Considering the crucial role of agricultural lands in the country’s food security, economy, and the preservation of biodiversity [51], as well as their relationship with climate change [52,53], the changes occurring in the agricultural land class in the Atrak basin area was investigated separately from other land classes. According to Table 7, the years 2003, 2007, and 2020, with an area of 751 km2, followed by 2004 with 756 km2 and 2019 with 758 km2, had the highest area of croplands. In contrast, 2008 with an area of 525 km2, 2011 and 2014 with 573 km2, 2015 with 588 km2, and 2021 with an area of 486 km2 had the lowest cropland area. The largest area of cropland in this basin falls into the “very poor” and “poor” classes, covering 393 and 269 km2, respectively. According to Figure 12 and Table 8, a significant decreasing trend can be observed in the “very poor” and “dense” classes (−0.392, −0.415, p = 0.05), while the “moderate” class shows a significant increasing trend (−0.551, p = 0.01). However, a significant trend of changes is not observed in the “poor” classes and the total annual cropland area.
According to Table 9, which presents the correlation between the total area of croplands in the Atrak Basin and annual and seasonal rainfall, a significant relationship between the total area of cropland and winter and spring rainfall can be observed (0.333, p = 0.05 and 0.556, p = 0.01, respectively). Additionally, concerning annual precipitation, a very strong and significant trend is evident (0.532, p = 0.01). As shown in Figure 13, during the winter and summer seasons, as well as annually, a positive relationship between precipitation and cropland is observed (an increase in rainfall is followed by an increase in crop cover).

4. Discussion

In this research, the dynamics of vegetation in relation to the detection and quantification of drought was investigated using remote sensing data in the Atrak basin for 2003–2021. According to the land use map (Figure 2), and as indicated in Table 3, which highlights that the vegetation cover classified as “poor” occupies the largest area, a huge part of the Atrak basin is covered by grasslands. Furthermore, as depicted in Figure 6, the vegetation anomaly has an increasing trend in the eastern parts of the basin and a slightly decreasing trend in the western parts of the basin, while in some specific areas, it is stable. The findings showed that the lowest vegetation area was observed in 2008 (4.89%), 2014 (5.75%), 2017 (6.81%), and 2021 (6.61%). According to the VCI index, 2008 was identified as the driest year, with a VCI of 95.9%, consistent with the findings of other studies [54]. Conversely, during the years with very high rainfall, such as 2004, 2007, 2009, and 2019, the vegetation coverage occupied 12.08%, 10.78%, 9.61%, and 18.25% of the total vegetation area, respectively. To some extent, vegetation cover follows the occurring rainfall pattern of change, with low rainfall years leading to decreased soil moisture, stress for vegetation, and, subsequently, reduced vegetation cover.

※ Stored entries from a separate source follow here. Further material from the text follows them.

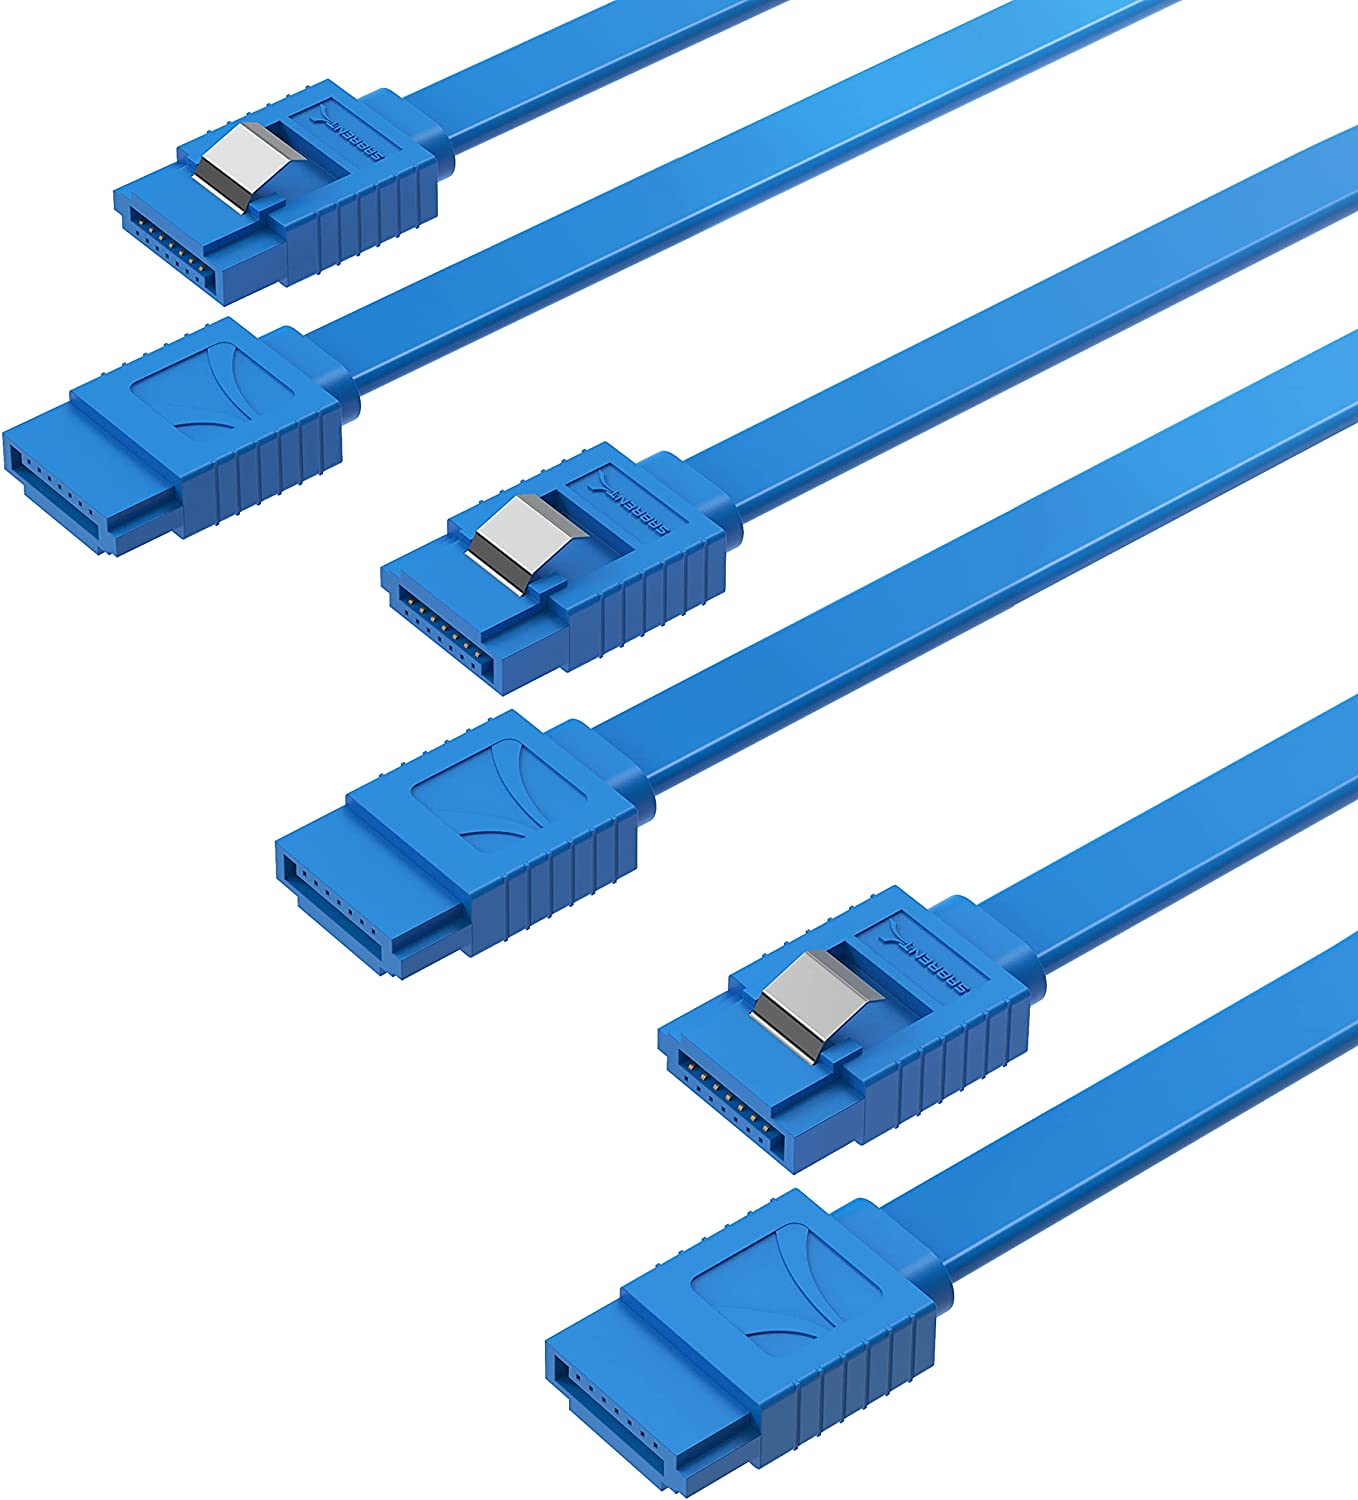 SABRENT SATA III (6 Gbit/s) Straight Data Cable with Locking Latch for HDD/SSD/CD and DVD Drives (3 Pack 20 Inch) in Blue (CB-SFB3)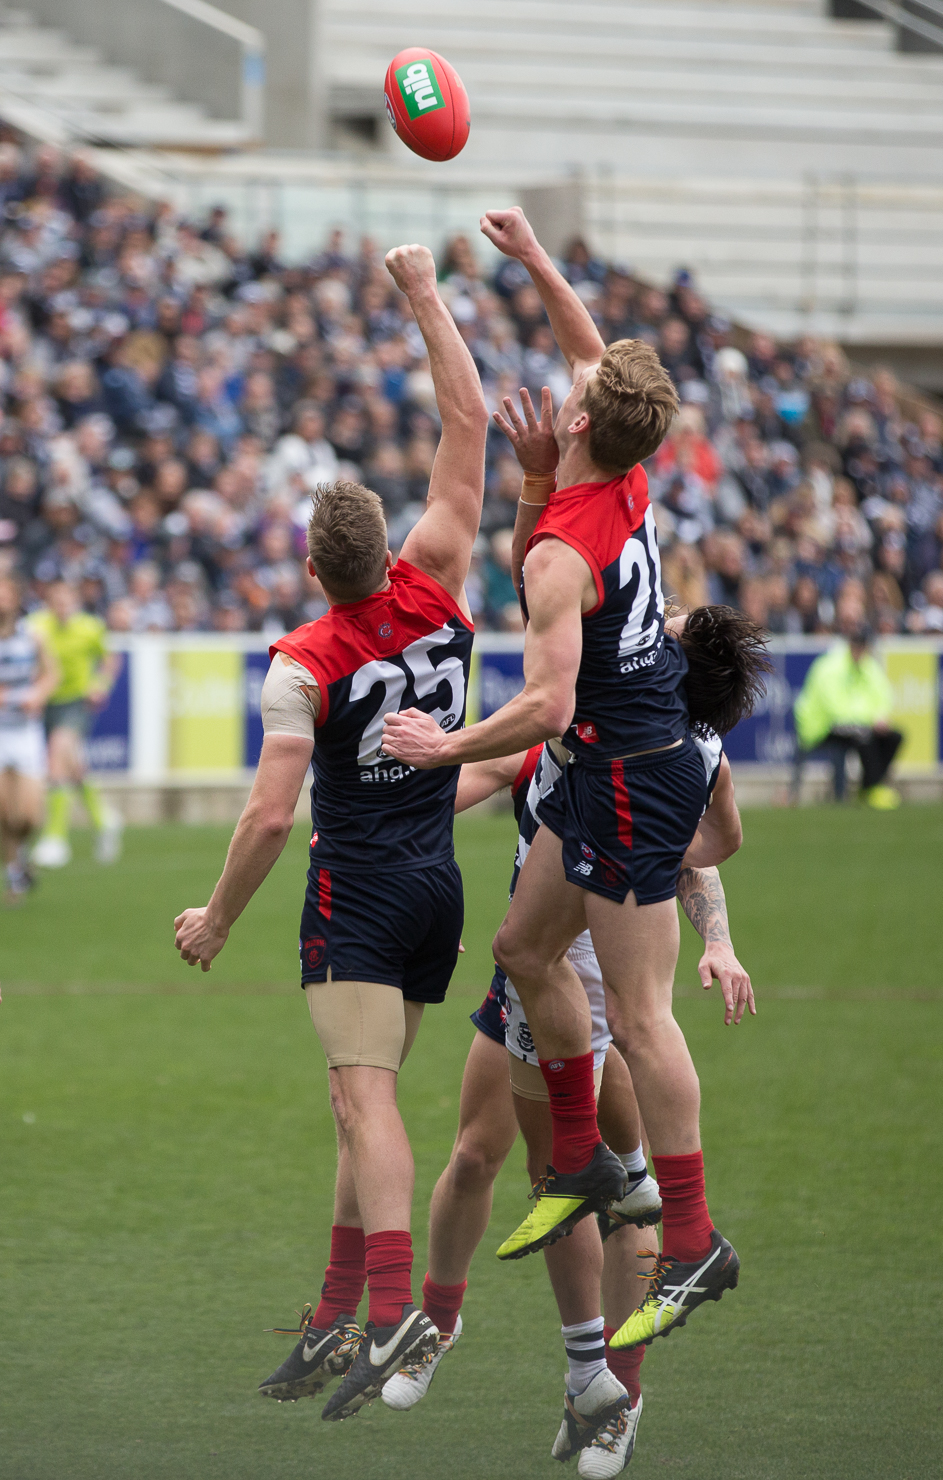 27th August 2016 - Photo a Day - Day 236 - My 2016 Diary - Geelong v Melbourne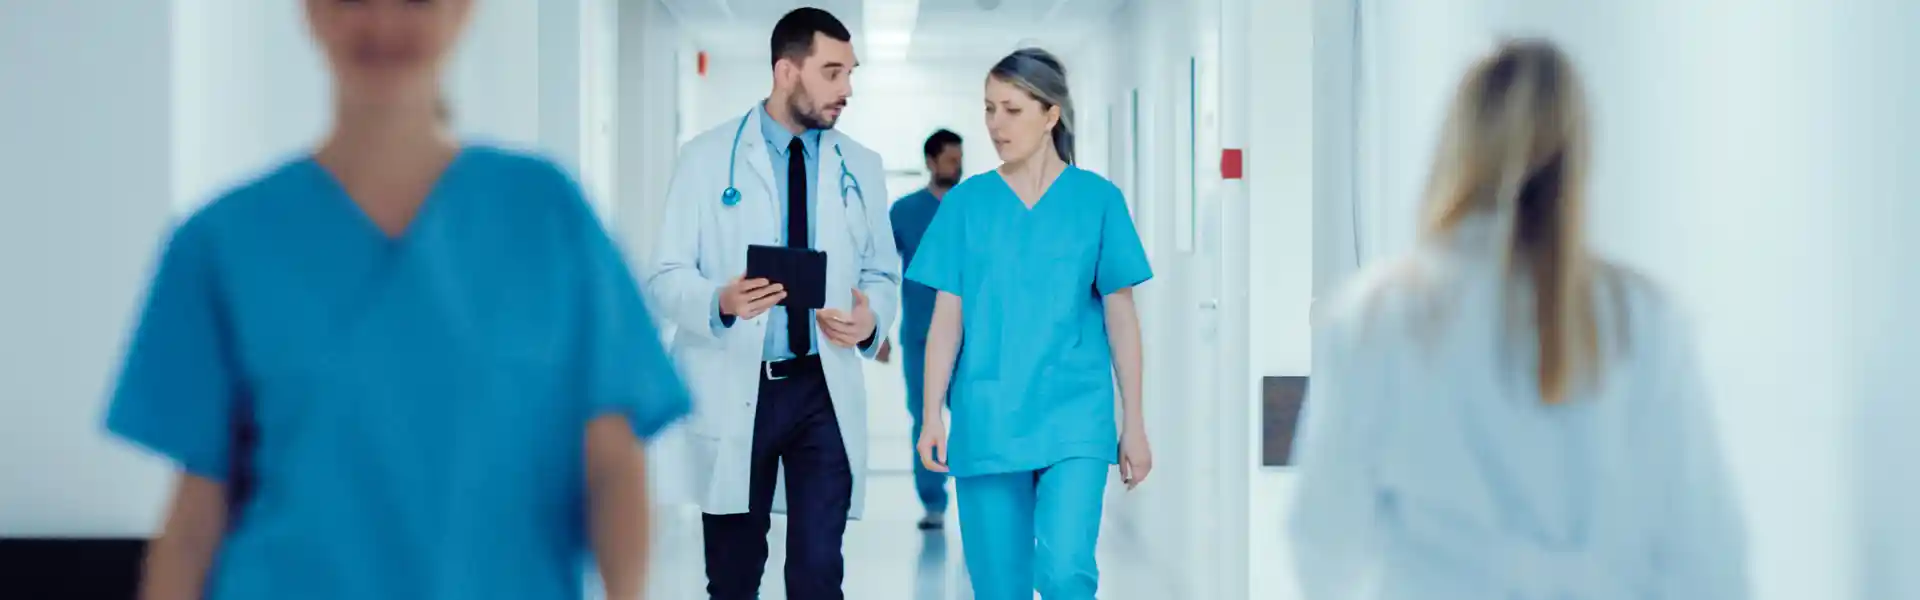 surgeon-and-female-doctor-walk-through-hospital-hallway--they-consult

Based on the results of the VCI index, the highest occurrence of drought area occurred in the years 2008 (95.93%), 2011 (71.5%), 2014 (67.8%), 2017 (61.5%), and 2021 (57.6%), while the lowest drought area was recorded in 2010 (2.6%), 2013 (5.4%), 2016 (2%), 2019 (2.19%), and 2020 (9.7%). This result is in line with other studies’ conclusions [18,55]. Additionally, the Standardized Precipitation Index (SPI) has been employed to monitor drought conditions [56]. The SPI analysis indicates that the years 2004, 2007, 2009, and 2019 exhibited conditions ranging from moderately wet to very heavy wet, whereas the years 2008, 2014, and 2021 experienced moderate to severe drought conditions [27,57]. In 2010, 2016, and 2019 the highest percentage of vegetation area was observed. According to the Standardized Precipitation Index (SPI), 2019, with 227.5 mm of rainfall, is classified as a very wet year, and it exhibited the maximum vegetation coverage during this year, spanning an area of 14,404 km2. Conversely, the lowest amount of rainfall in this season occurred in 2015, with 78.2 mm, while the minimum vegetation cover was in 2008, covering an area of 2776.6 km2. It is worth noting that while rainfall is a crucial factor in vegetation changes, it may not always be the sole determining factor, as other factors such as soil texture and salinity can also play a role [49].
The conducted analyses demonstrate a significant relationship between precipitation and vegetation cover, which is also indicated by other authors [58,59]. This correlation indicates that changes in vegetation cover are somewhat influenced by the amount of rainfall in the region, and these two factors have a linear and direct relationship with each other. This finding aligns with the results of previous studies [60,61,62,63]. However, our results also suggest a phase delay between precipitation and EVI cycles, with a relatively higher correlation observed between spring precipitation and summer EVI than spring precipitation and spring EVI. This observation aligns with the greening response typically occurring a few weeks after rainfall events. This was shown in one of the papers using the cross-wavelet analysis for eight eco-regions of Italy to show that the forested regions with higher altitudes had a positive correlation with almost in-phase annual coherency between NDVI and precipitation, while, for vegetation in the warmest eco-region, lowest annual coherencies between NDVI and precipitation were observed [64]. Additionally, a negative correlation between vegetation and temperature was observed, indicating another climatic factor influencing vegetation dynamics in the Atrak River basin. It is also worth noting that, similar to the observations in the referenced paper [64], we found that the correlations between EVI and LST were almost out of phase, with the highest correlation between spring LST and spring EVI, and relatively high correlations between summer LST and summer EVI. However, high correlations were also observed between spring LST and summer EVI, as well as spring EVI and summer LST, underscoring the complexity of the relationships between climatic variables and vegetation dynamics.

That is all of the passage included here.